▸ Directions for this task
Before copying, find the line below that contains "Autocollant de coeur"; then return it and all later lines exactly, up to and including the final line, with no pictures.

▸ Items from a data source
◆ ◆ ◆ ◆
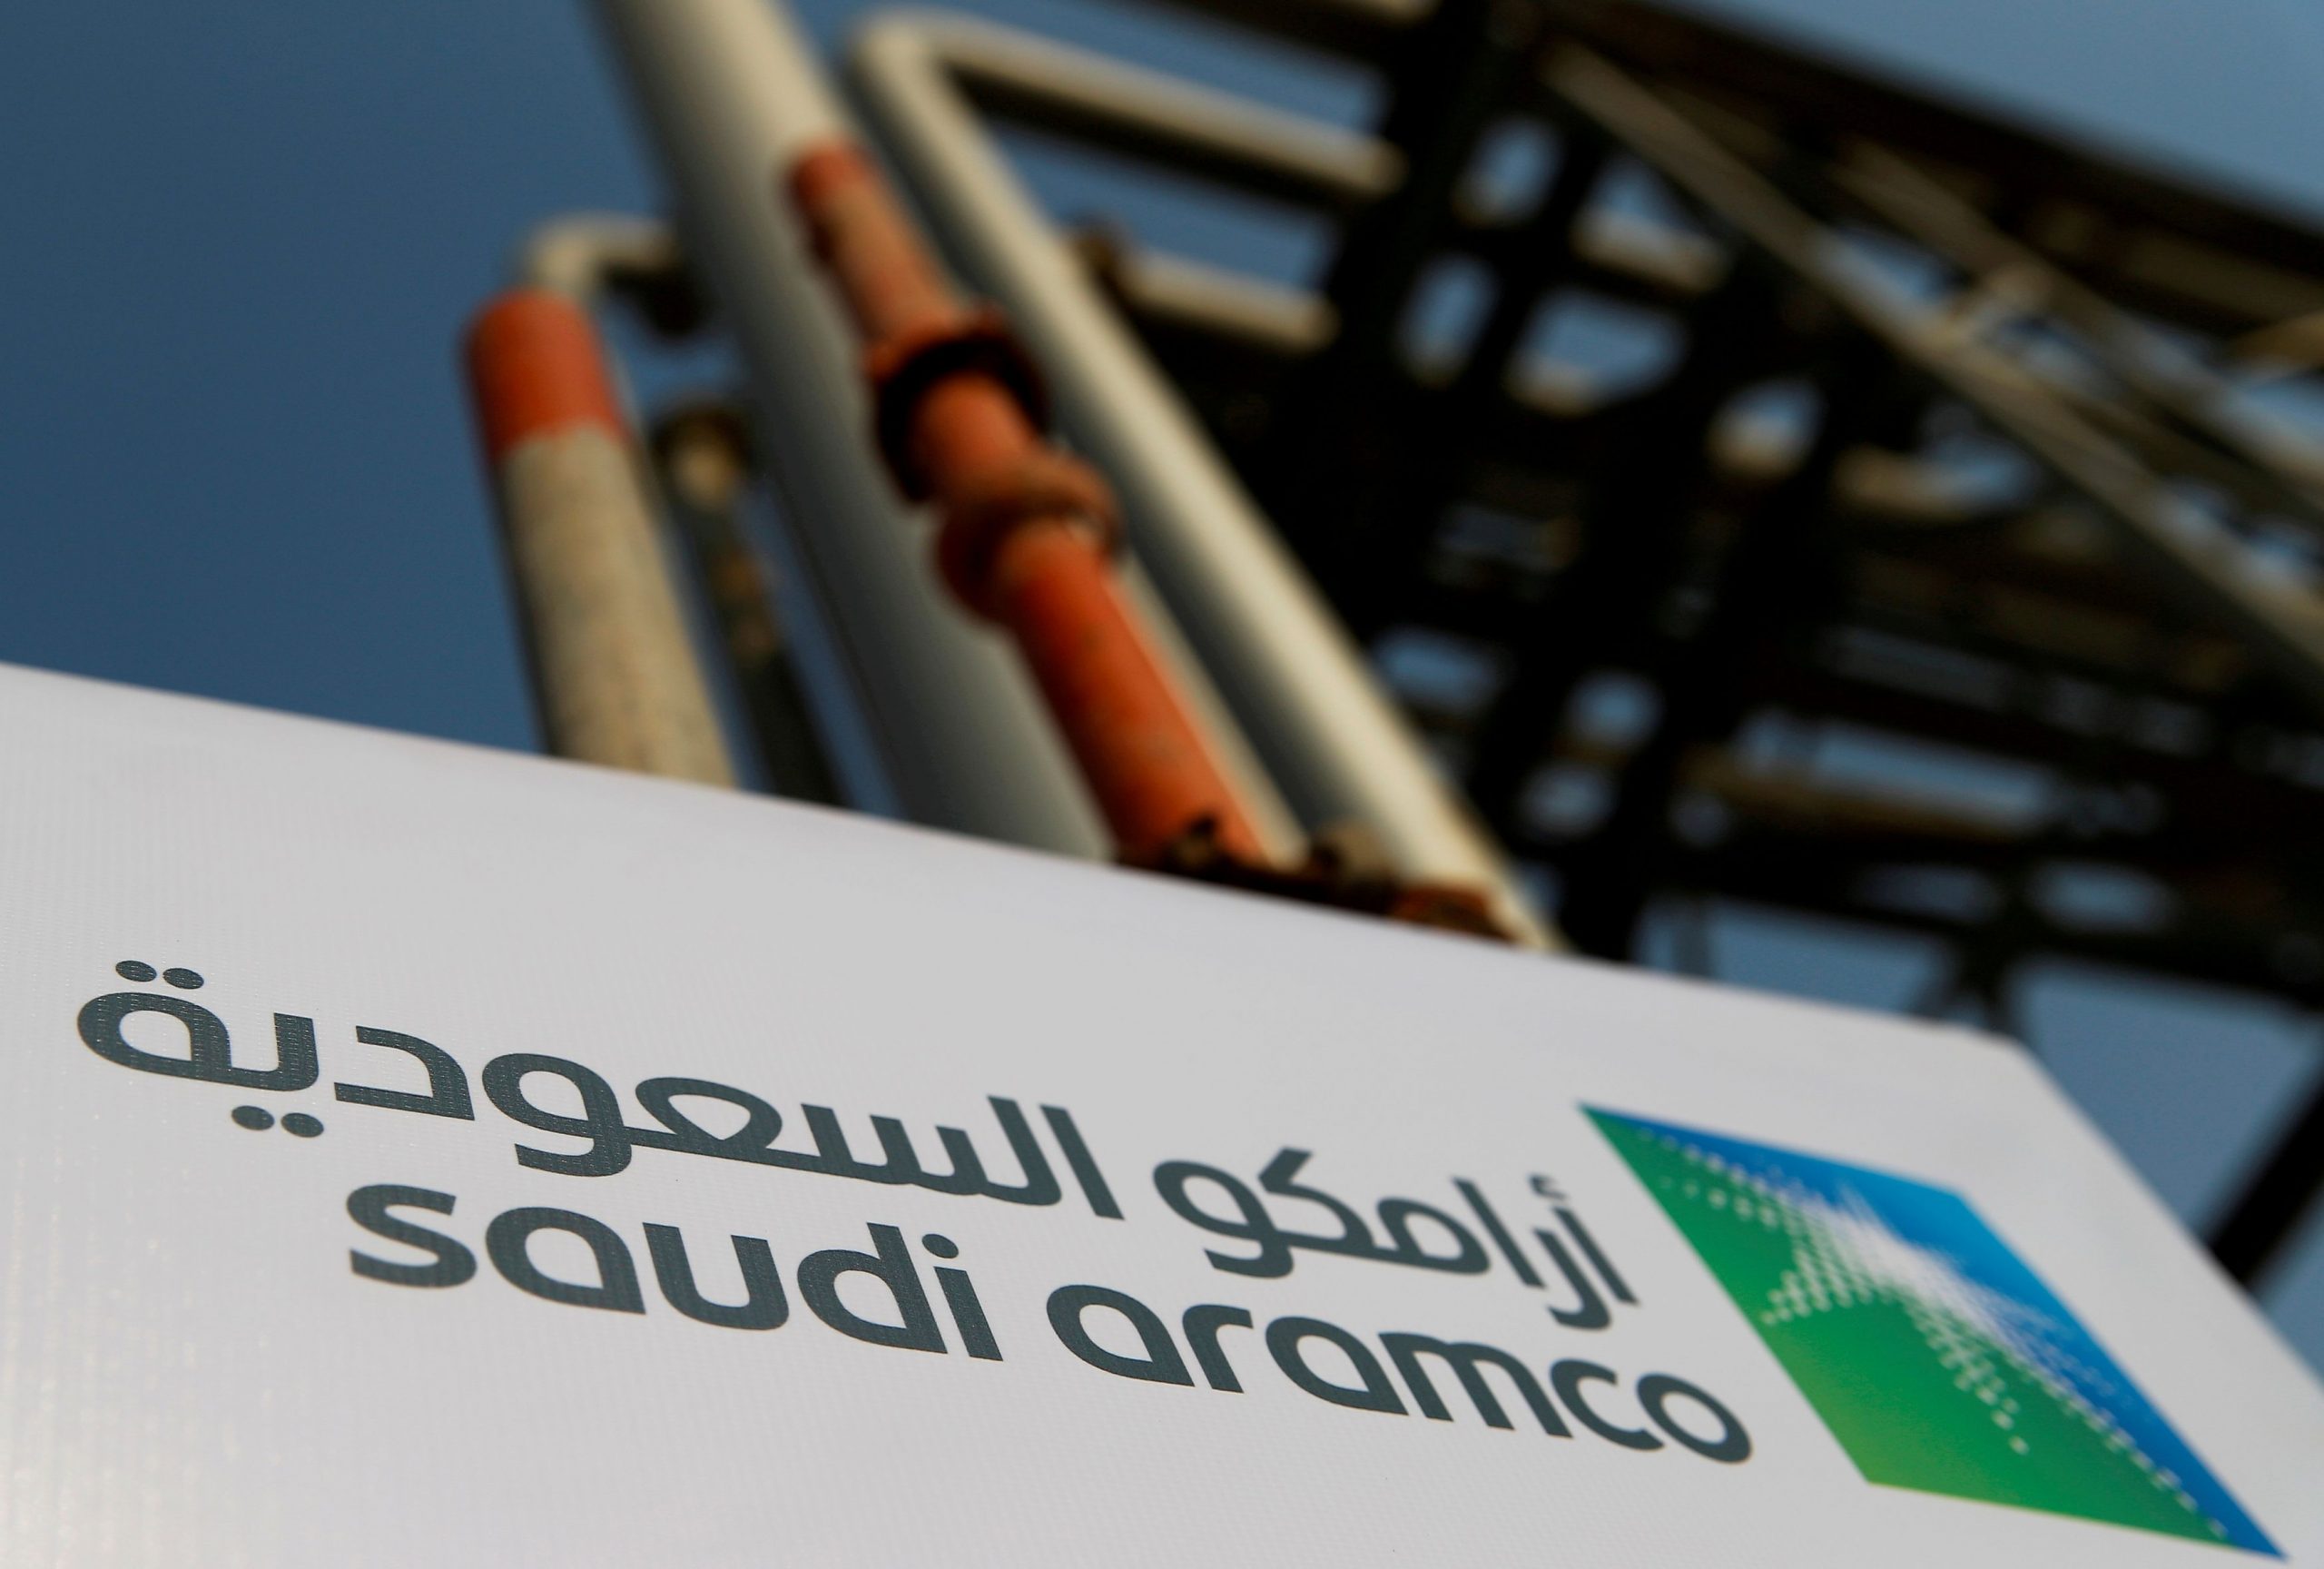 Σαουδική Αραβία – Τετραπλασιασμός κερδών τριμήνου για την Aramco
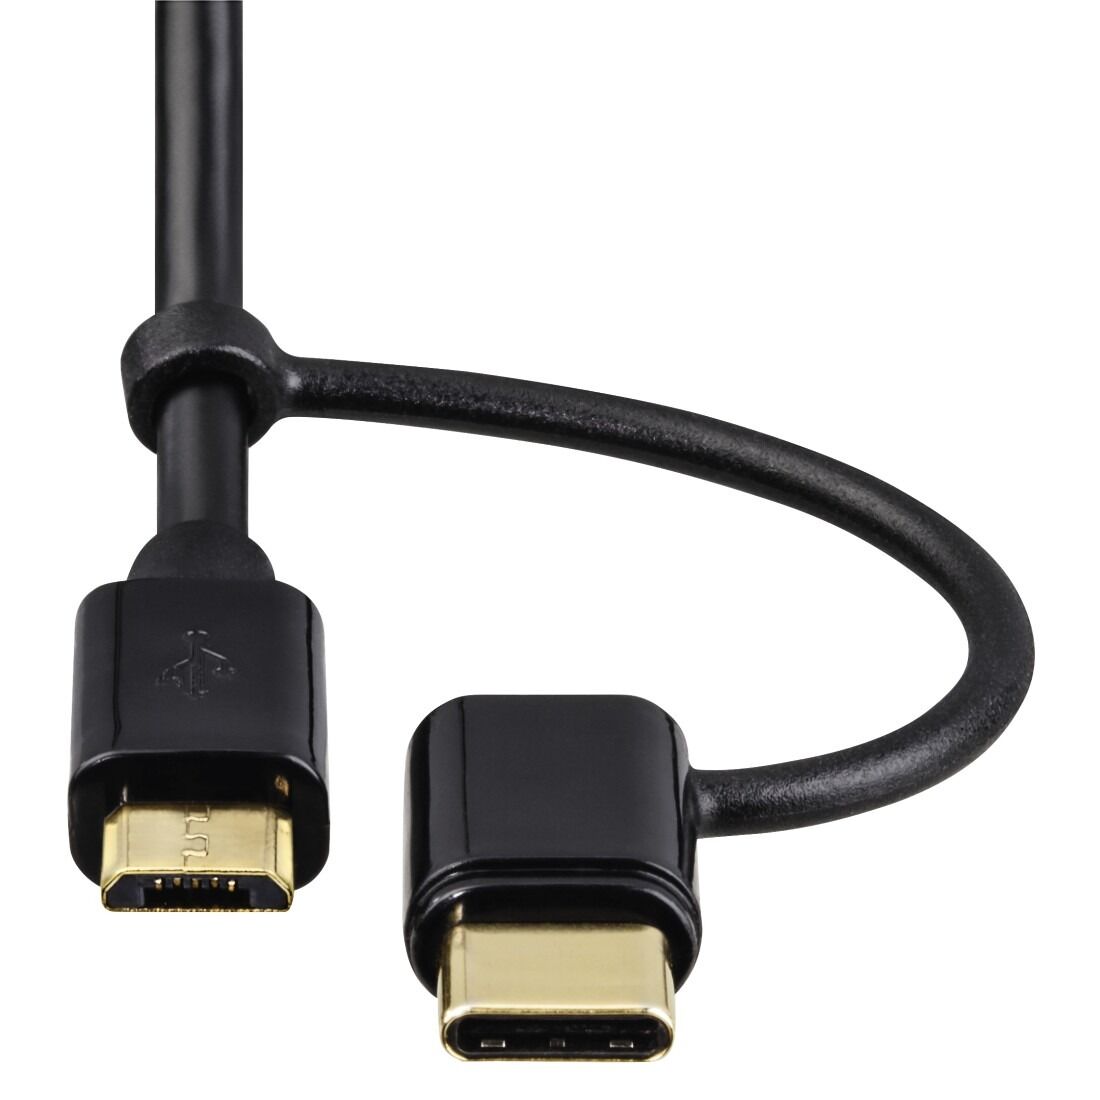 Cablu Hama Micro USB 2 in1 cu adaptor USB Type-C, 1 m, Negru
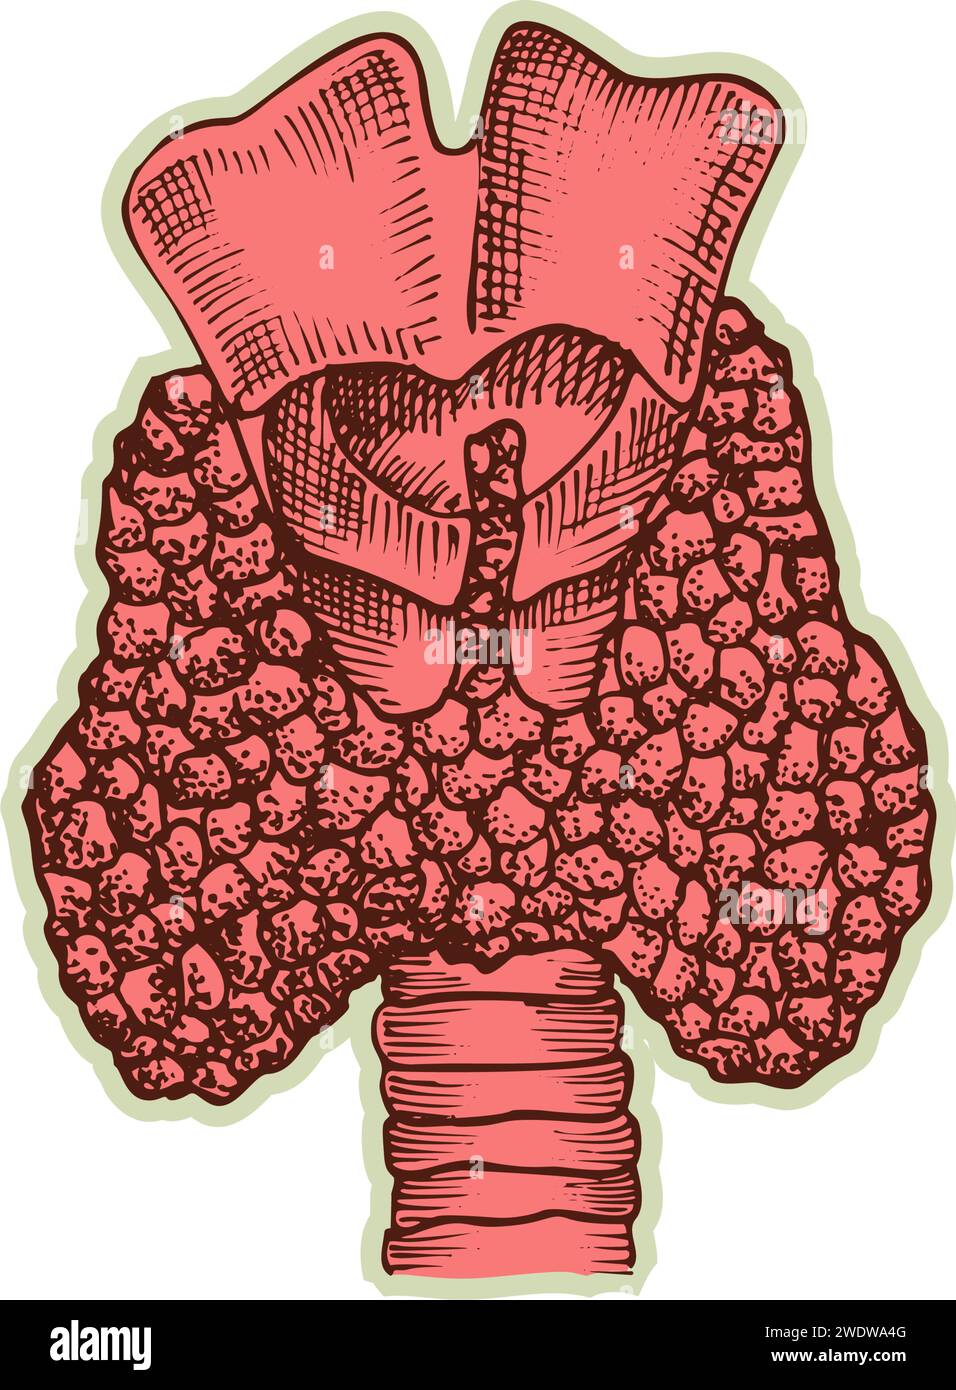 Autocollant de coeur humain. Vintage anatomie gravure organe esquisse isolé sur fond blanc. Bonne idée pour la conception rétro de l'affiche de médecine à la main dessinée Illustration de Vecteur
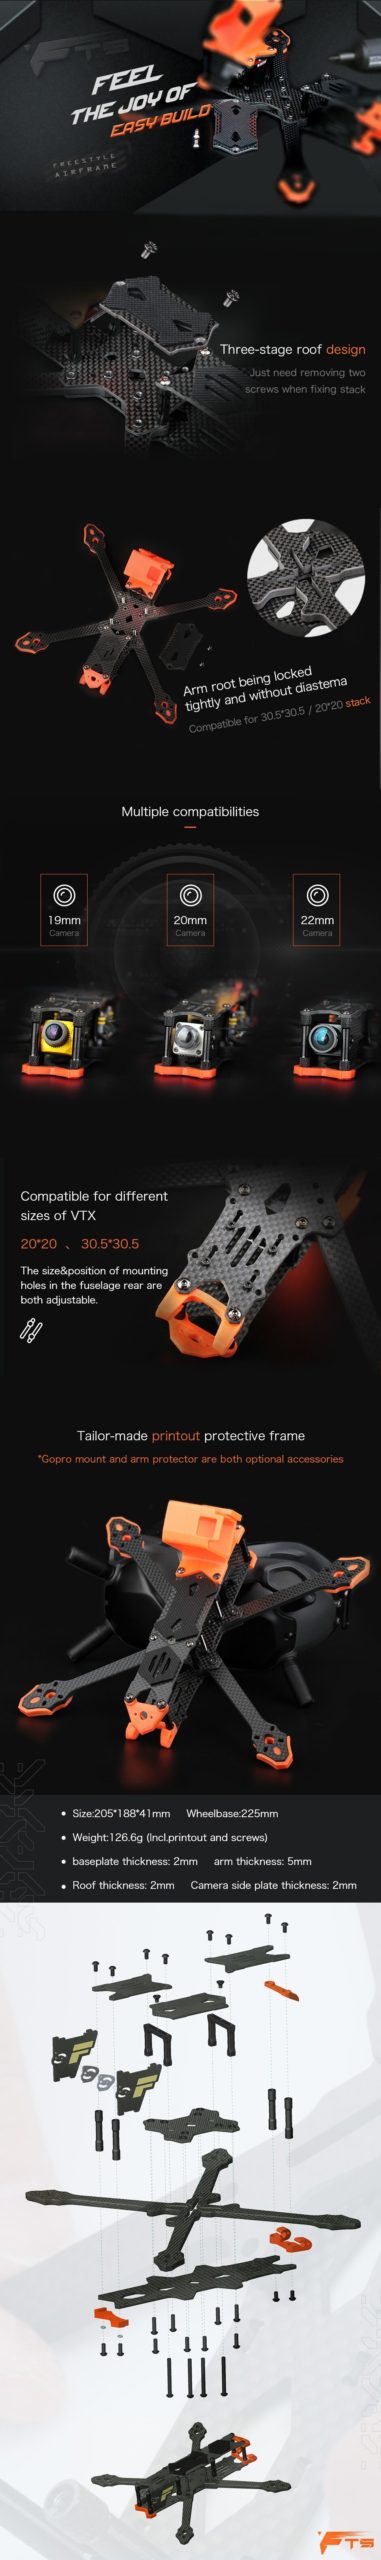 T-Motor FT5 FPV Frame infographic
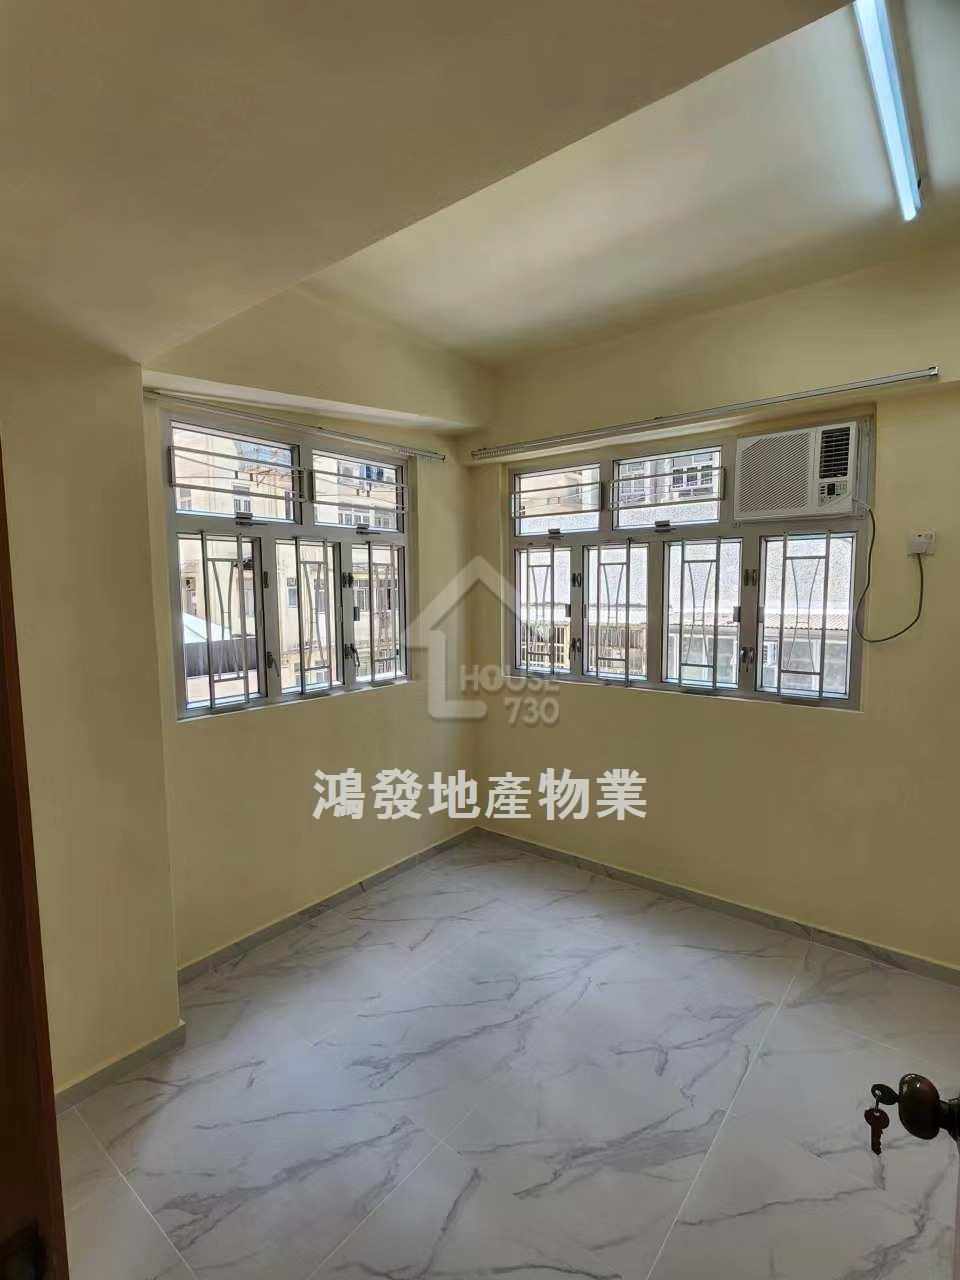 Sham Shui Po KA WUI BUILDING Lower Floor House730-7243439
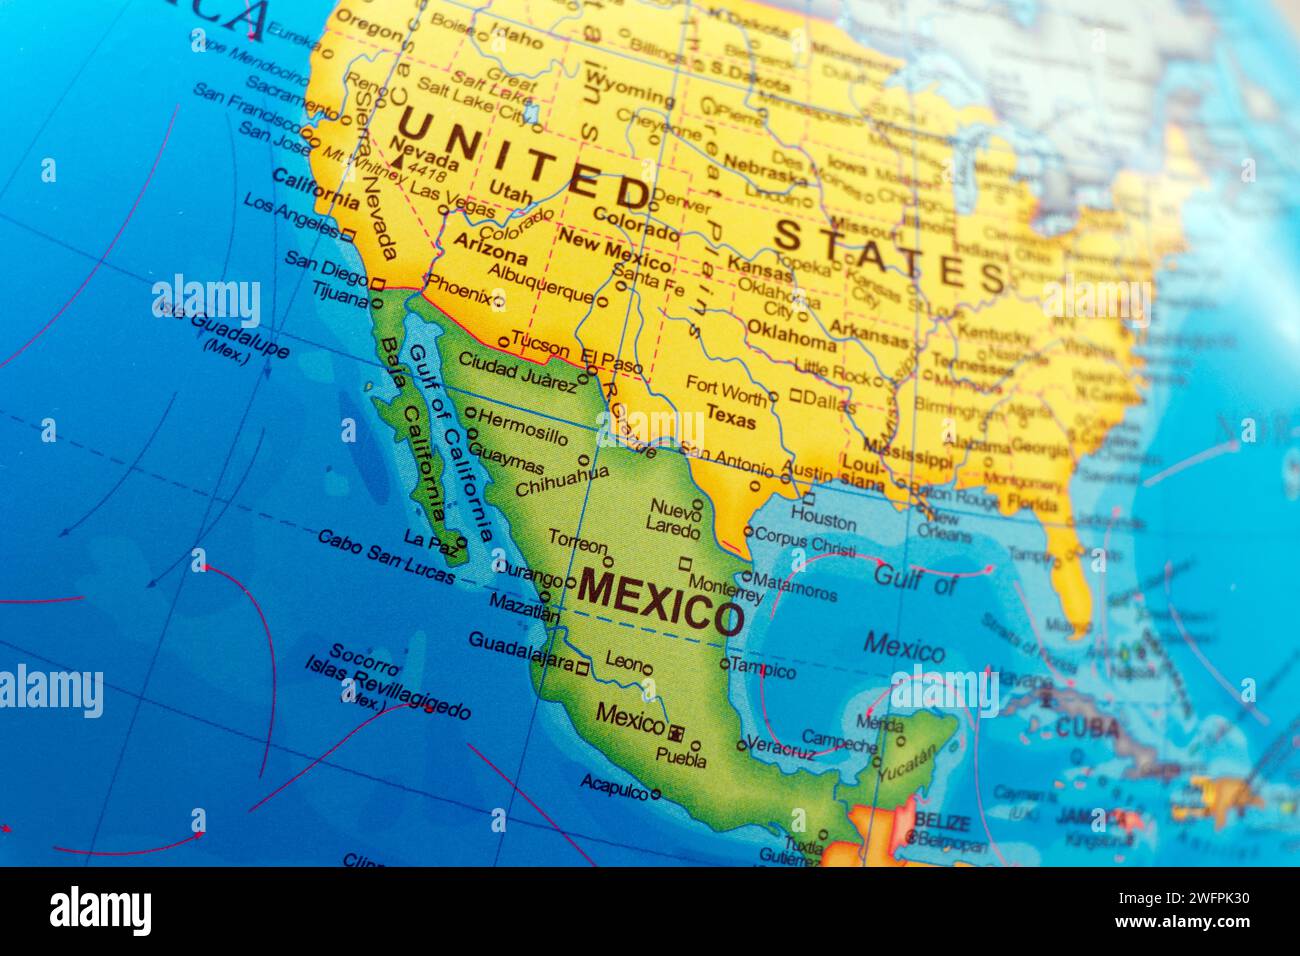 Karte der vereinigten staaten von amerika und mexiko oder atlas Grenze zu virginia, alabama, New york, washington, carolina, florida, georgia und orlando in der Nähe Stockfoto
◆ ◆ ◆ ◆
▸ Output for this task
 Autocollant de coeur humain. Vintage anatomie gravure organe esquisse isolé sur fond blanc. Bonne idée pour la conception rétro de l'affiche de médecine à la main dessinée Illustration de Vecteur
 T-Motor FT5 FPV Frame infographic
 Sham Shui Po KA WUI BUILDING Lower Floor House730-7243439
 Karte der vereinigten staaten von amerika und mexiko oder atlas Grenze zu virginia, alabama, New york, washington, carolina, florida, georgia und orlando in der Nähe Stockfoto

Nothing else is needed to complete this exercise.